Page 1 of 1

Nagios XI Lockup Issues

Posted: Tue Dec 07, 2010 1:33 am
by Box293
When I came in to work today our Nagios XI server was not responsive, could not access web page.
The console of the VM was refreshing with the following information.
Nagios Frozen.png
I was unable to do a normal restart, the VM under vCenter showed that VMware tools was not running, I needed to hard power off the VM and then power it back on again.

I rebooted the VM at 2pm as I had an issue and I wasn't sure if it was Nagios or not. Turned out to be nothing to do with Nagios.

Then at 3.56pm it was locked up again with the same problems, needed a hard power cycle again.
Nagios Frozen #2.png
Any ideas?

Re: Nagios XI Lockup Issues

Posted: Tue Dec 07, 2010 10:25 am
by tonyyarusso
This might be the VM running out of memory. I'm used to a slightly different format for those messages on a different Linux distro, but this may well be how CentOS prints it. Try increasing the RAM allocated to the VM, and keep an eye on graphs for available memory (preferably not counting buffers/caches).

Re: Nagios XI Lockup Issues

Posted: Wed Dec 08, 2010 1:02 am
by Box293
I've upgraded the memory from 1.5GB to 3GB and all seems good.

I've keep an eye on the Server Statistics dashlet and the free memory hovers around 730 MB - 450 MB.

Is there a way of observing the memory usage history of localhost?

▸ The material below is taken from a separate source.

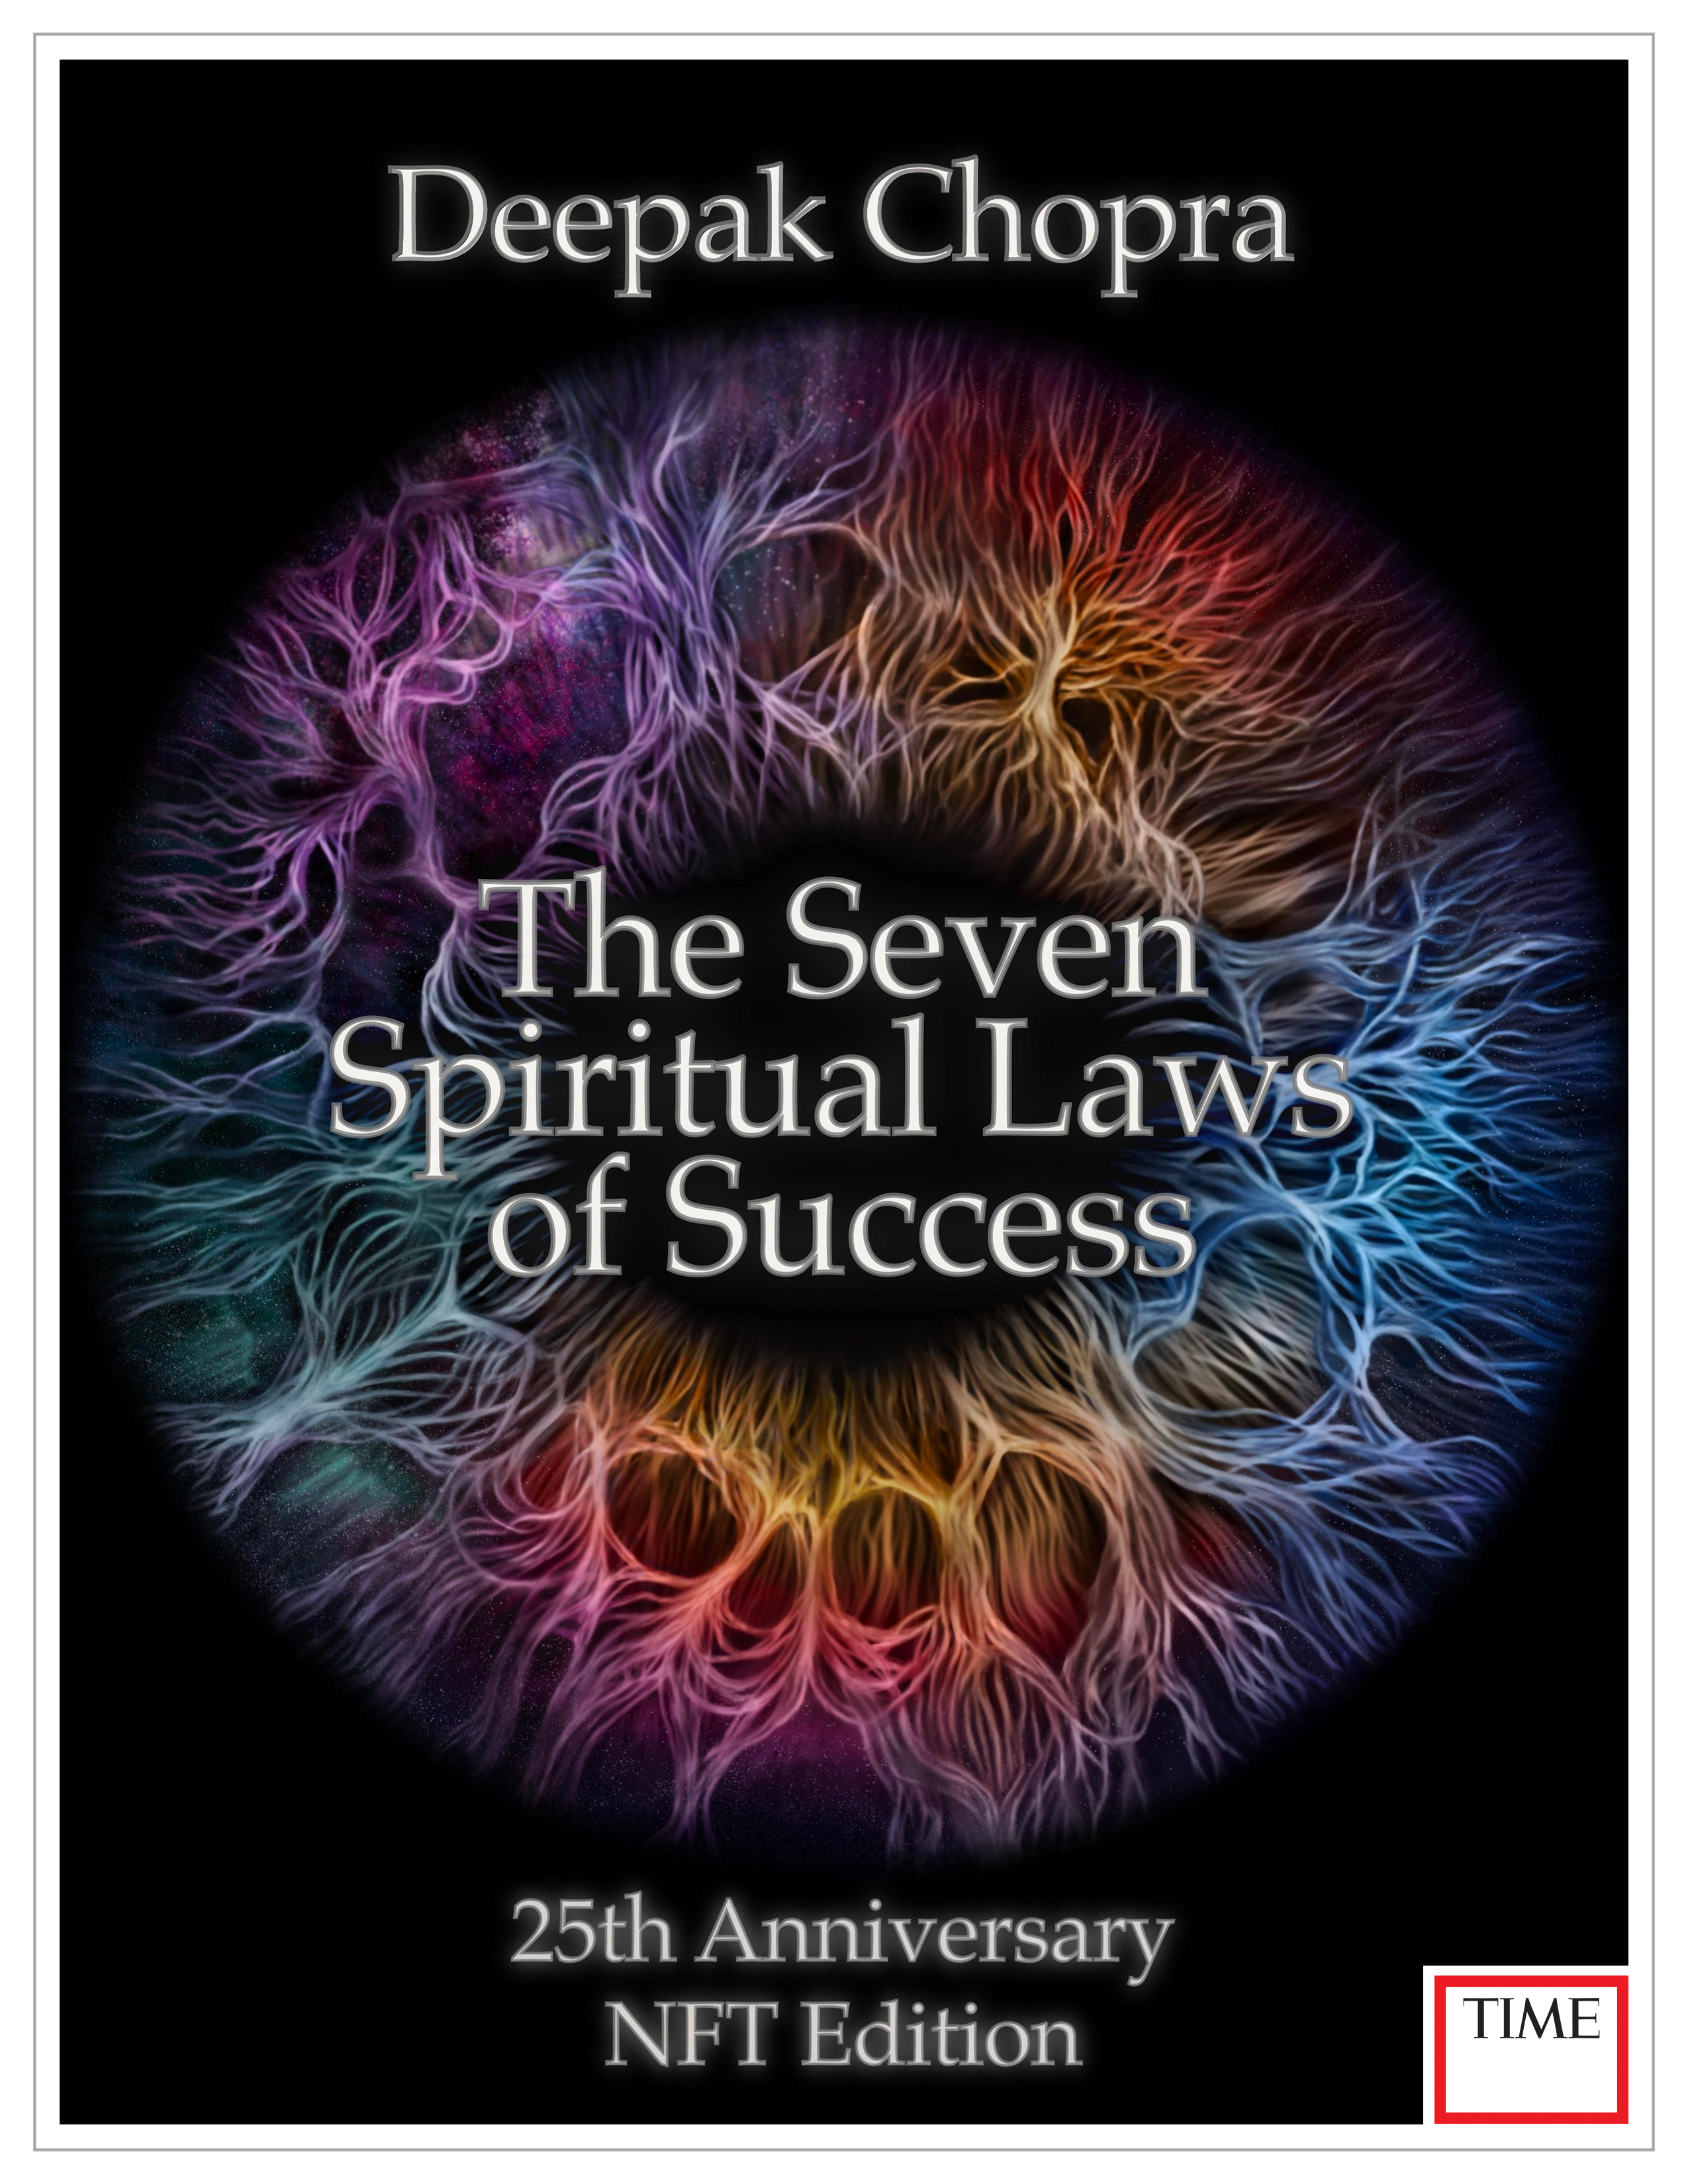 The Seven Spiritual Laws of Success | Cover by Krisandra Kneer

Re: Nagios XI Lockup Issues

Posted: Wed Dec 08, 2010 11:15 am
by tonyyarusso
I've upgraded the memory from 1.5GB to 3GB and all seems good.
Excellent.
Is there a way of observing the memory usage history of localhost?
Yes, but for whatever reason it's not available by default. What you'll need to do is add a plugin (I've attached the one I like), and create a service on localhost for checking RAM usage. Then you'll get the usual graphs alongside everything else. The thing I like about this particular plugin is it lets you specify that caches should be treated as free rather than used, which is usually what you want for tracking this kind of problem. For instance, compare the "normal" output on top compared to the corrected output on bottom:

Code: Select all

root@li133-235:/usr/lib/nagios/plugins# ./check_mem.pl -u -w 80 -c 90
CRITICAL - 96.2% (478 MB) used!|USED=478MB;397;447;0;497 FREE=19MB;;;0;497 CACHES=295MB;;;0;497
root@li133-235:/usr/lib/nagios/plugins# ./check_mem.pl -u -C -w 80 -c 90
OK - 36.7% (183 MB) used.|USED=183MB;398;448;0;498 FREE=315MB;;;0;498 CACHES=295MB;;;0;498

Re: Nagios XI Lockup Issues

Posted: Wed Dec 08, 2010 11:45 pm
by Box293
Thanks Tony this is exactly what I was after.

I found this command to work the best for me:

Code: Select all

./check_mem.pl -f -w 20 -c 10